Level 5 of the maturity model focuses on identifying opportunities to make valuable performance refinements across your workload. Take an experimentation-based approach to your optimization. Revisit workload design areas such as deployment practices, monitoring and debugging, and operational automation to find further improvements. Adopt a continuous improvement mindset by regularly reviewing workload design and operational practices. Use established change management processes to ensure that improvements are implemented safely and efficiently.
Key strategies
Take a proactive approach to improving efficiency through experimentation. Begin with a hypothesis for a workload update that you expect to deliver measurable performance gains, based on observed performance data that identifies a bottleneck or inefficiency. Build a test environment that closely mimics real-world conditions as much as possible to validate or refute your hypothesis. After you prove your hypothesis, assess the return on investment (ROI) of the change to decide whether it's worth implementing. Include all Azure Well-Architected Framework pillars in your ROI evaluation. If the trade-offs that you need to make for other pillars are acceptable, the change is likely worth pursuing.

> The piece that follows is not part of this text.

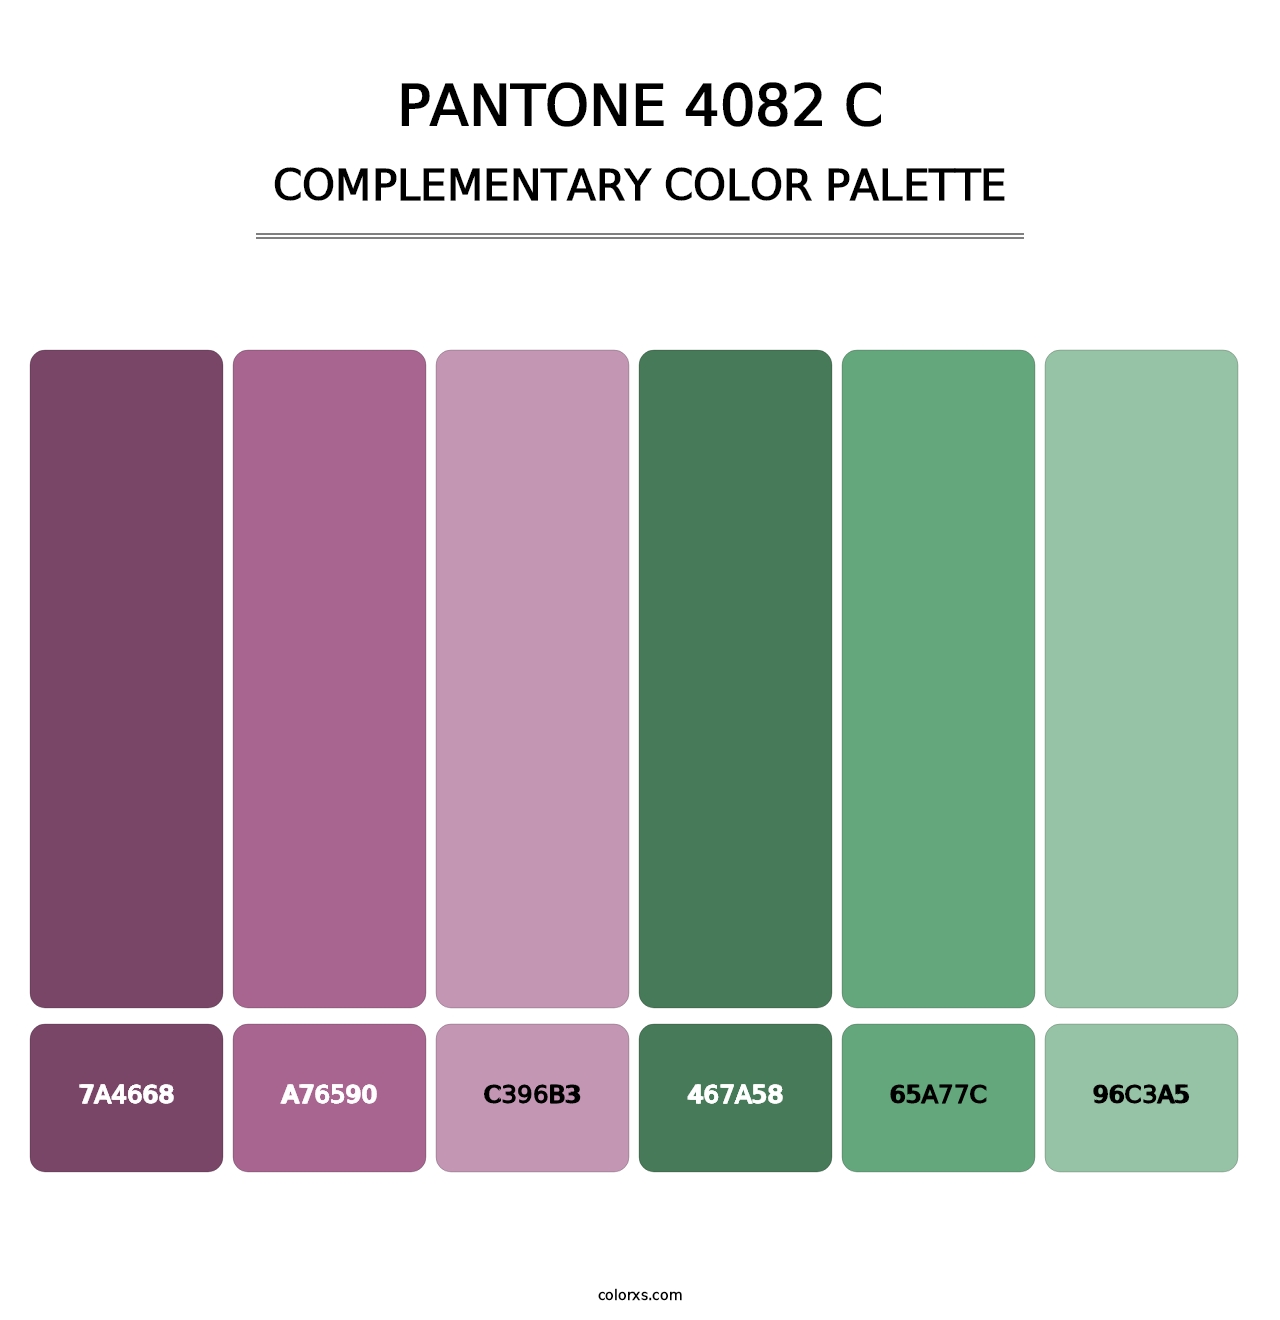 PANTONE 4082 C - Complementary Color Palette

✓ Optimize deployment and feature releases
At Level 5, you should have a standardized upgrade process in place that functions reliably. At this level, reevaluate your processes to determine whether your current strategy is the best fit for operational efficiency. Assess whether blue-green, canary, or another deployment model aligns best with your organization's needs. Consider using feature flags to easily roll out and roll back features to specific user groups. Ensure that your backup strategy supports fast recovery to a known-good state.
✓ Optimize monitoring and debugging processes
Collecting logs and telemetry from your components inherently affects your performance. Measure how your monitoring platform affects your workload, including elements like logging, telemetry, instrumentation, and remote debugging. Identify opportunities for optimization. If any of these processes reduce performance more than they improve observability, consider reconfiguring or disabling them. As part of your continuous improvement practices, regularly review the monitoring data that you collect to ensure that you're gathering only the most valuable information for the performance insights that you need.
Reevaluate your performance alerting to determine whether you're only receiving valuable alerts. Remove alerts that aren't actionable and reconfigure alerts that lack sufficient information to clearly understand the nature of the performance problem and the affected components.
✓ Expand operations automation
Look for opportunities to expand your automation of operational tasks to achieve further efficiencies. You should have many repetitive operational tasks automated at Level 5, so take a comprehensive look at operations to identify other valuable automation targets. Consider the following performance-related tasks:
Performance testing: Use well-established, industry-standard tools to simulate workloads.
Deployments: Implement continuous integration and continuous deployment tools for consistent and efficient deployments.
Incident management: Automate alert routing, ticket creation, and assignments.
Remediation actions: Automate actions like restarting services and adjusting resource allocations.
Self-healing mechanisms: Build capabilities to automatically fix known performance problems.